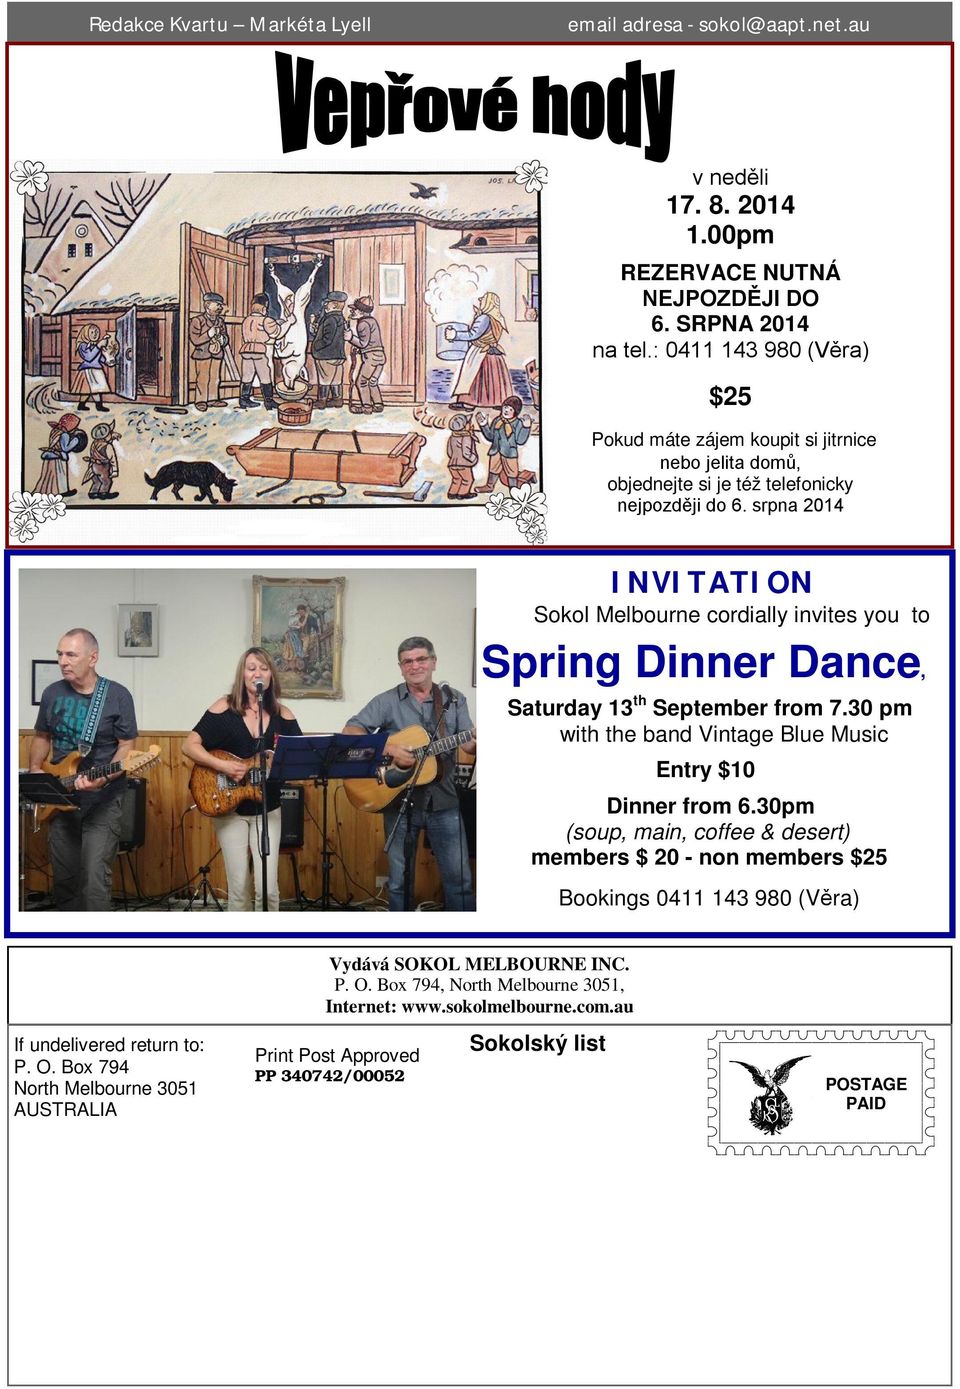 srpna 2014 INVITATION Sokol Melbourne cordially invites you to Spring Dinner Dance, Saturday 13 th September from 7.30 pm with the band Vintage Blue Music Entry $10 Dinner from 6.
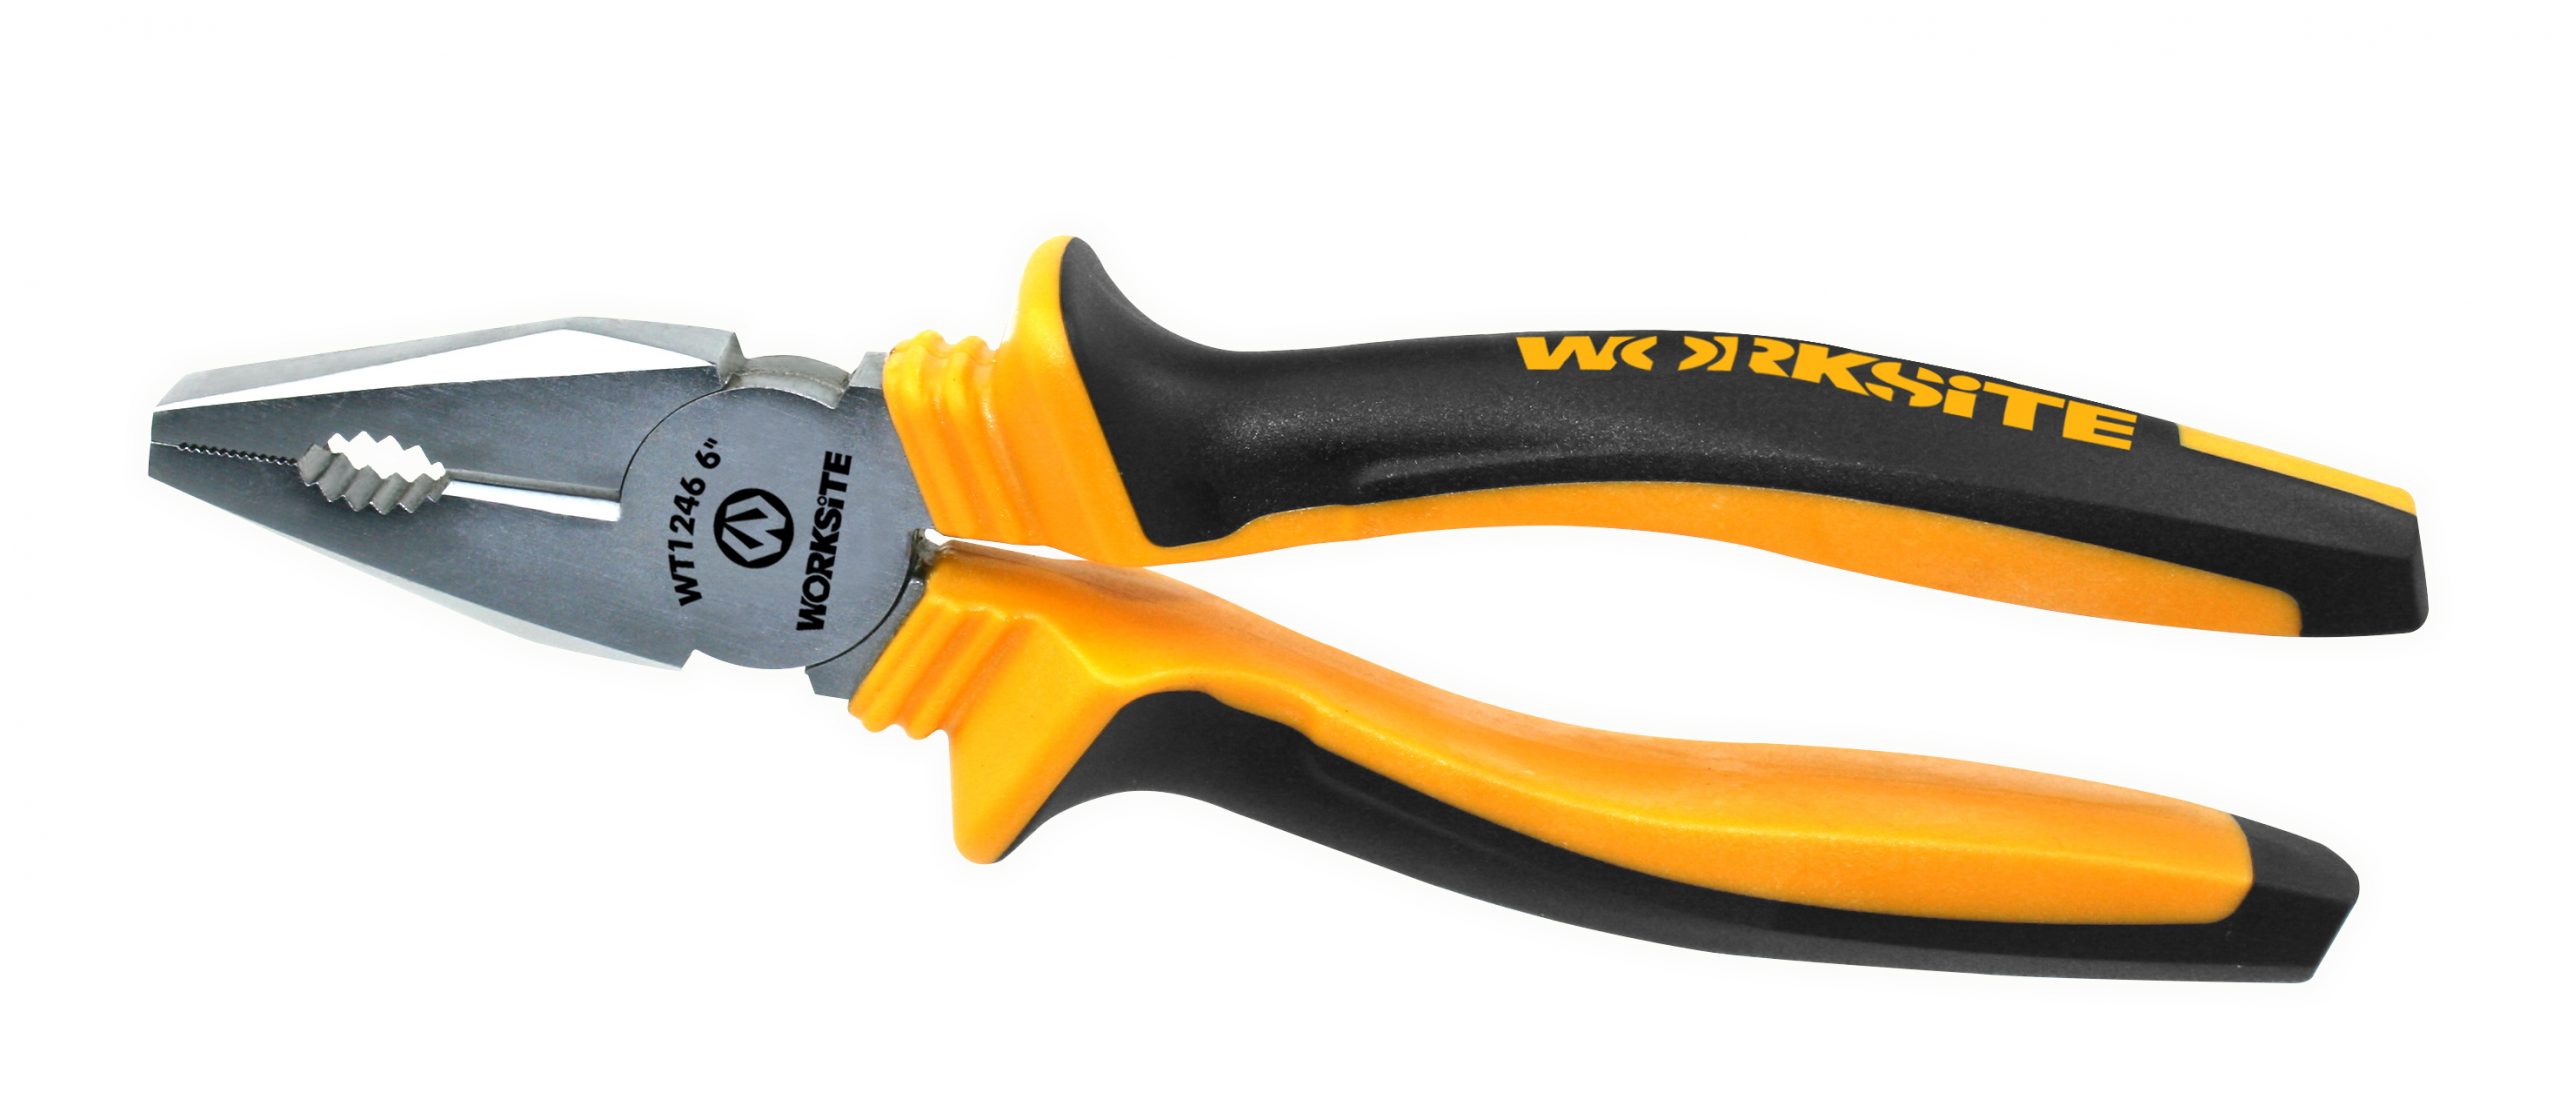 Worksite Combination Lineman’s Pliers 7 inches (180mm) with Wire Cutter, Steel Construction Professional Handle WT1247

=====

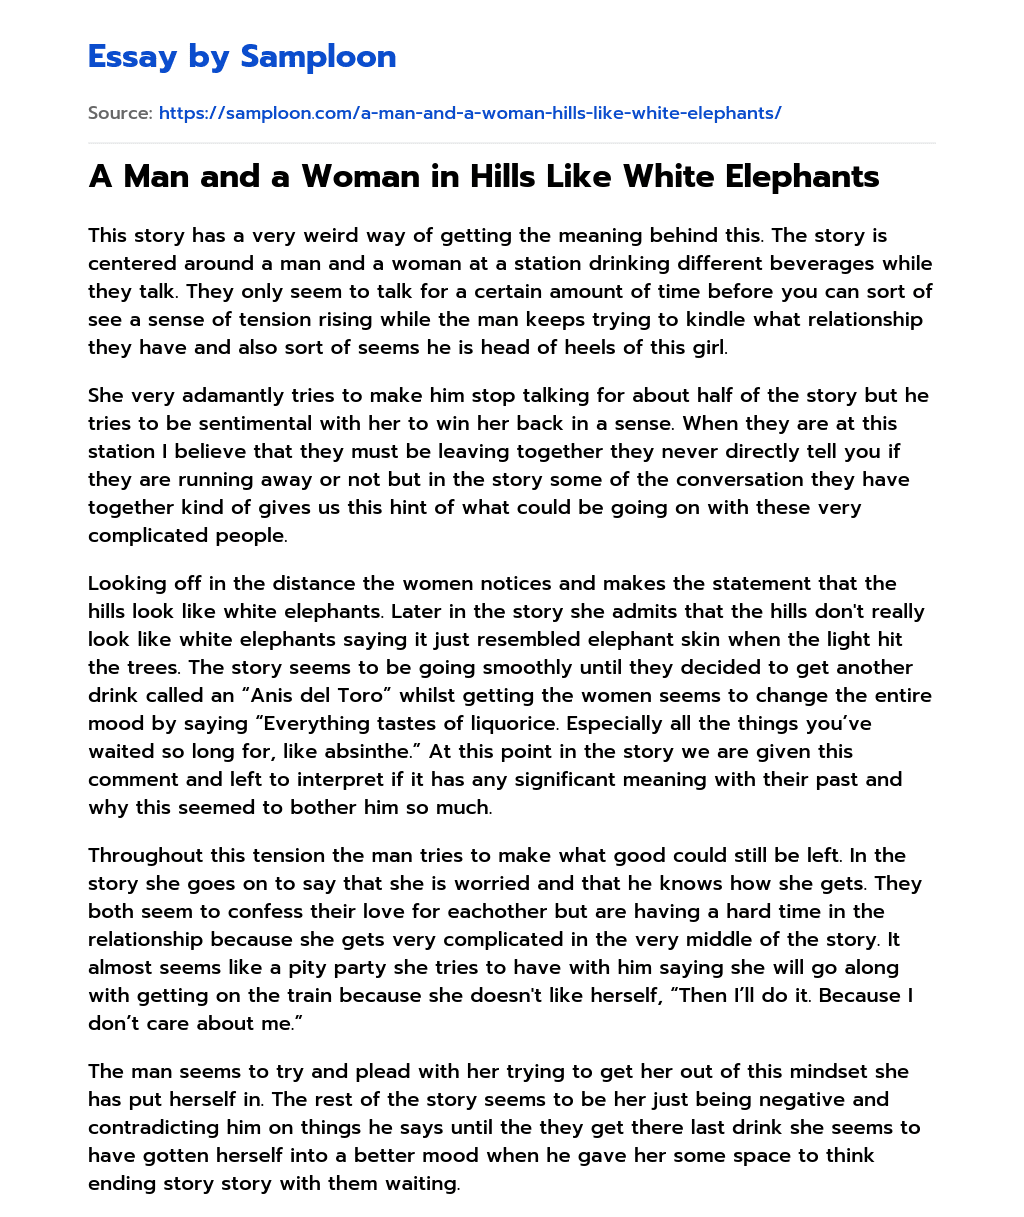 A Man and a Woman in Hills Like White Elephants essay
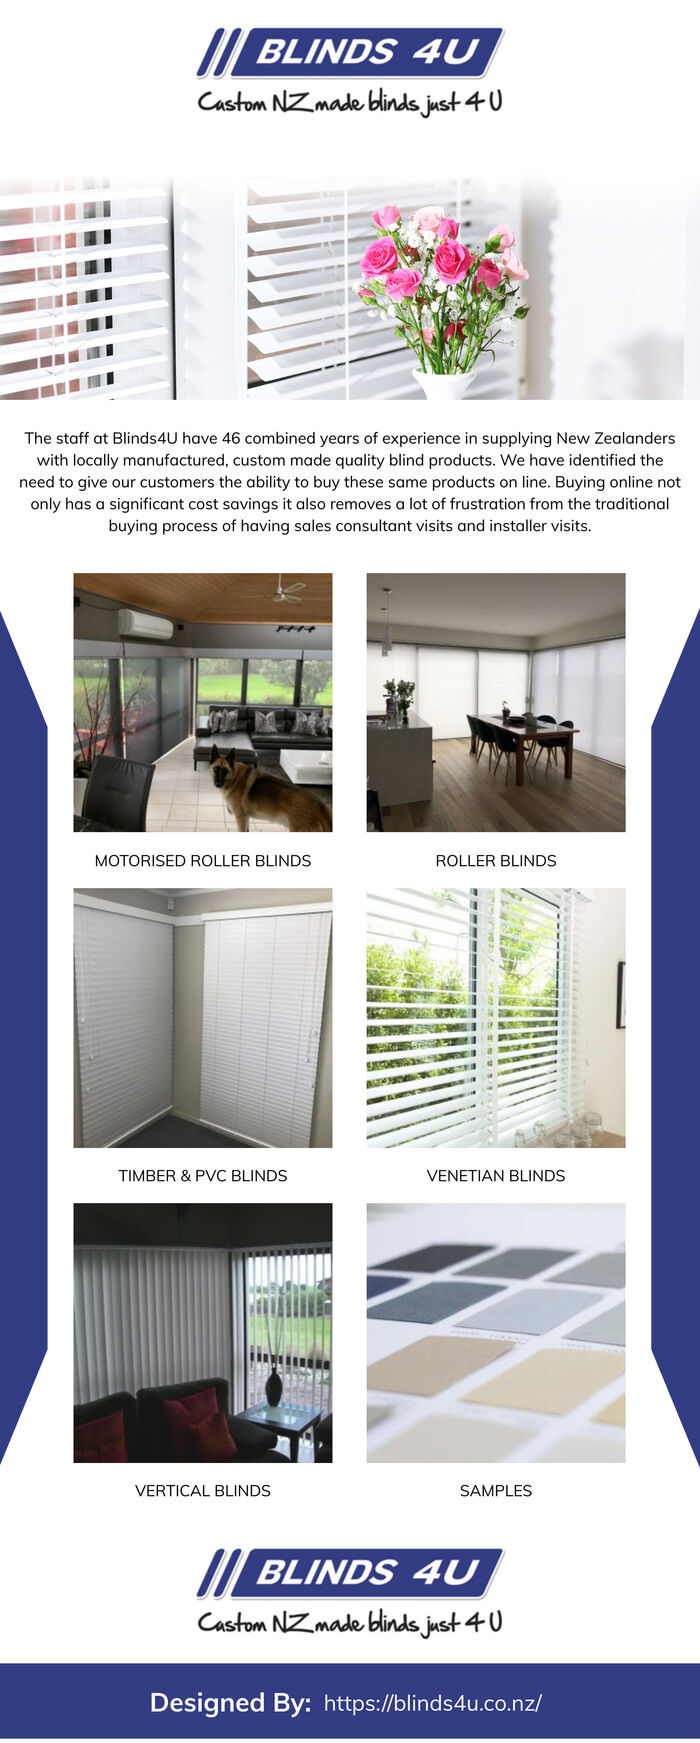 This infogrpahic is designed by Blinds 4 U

=====

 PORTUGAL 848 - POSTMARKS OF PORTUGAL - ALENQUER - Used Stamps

=====

### Task item
Copy nothing but the lines above from the one with "srpna 2014 INVITATION" to the one with "Worksite Combination Lineman’s", inclusive, word for word. Leave every picture out.

### Answer box
 srpna 2014 INVITATION Sokol Melbourne cordially invites you to Spring Dinner Dance, Saturday 13 th September from 7.30 pm with the band Vintage Blue Music Entry $10 Dinner from 6.
 Worksite Combination Lineman’s Pliers 7 inches (180mm) with Wire Cutter, Steel Construction Professional Handle WT1247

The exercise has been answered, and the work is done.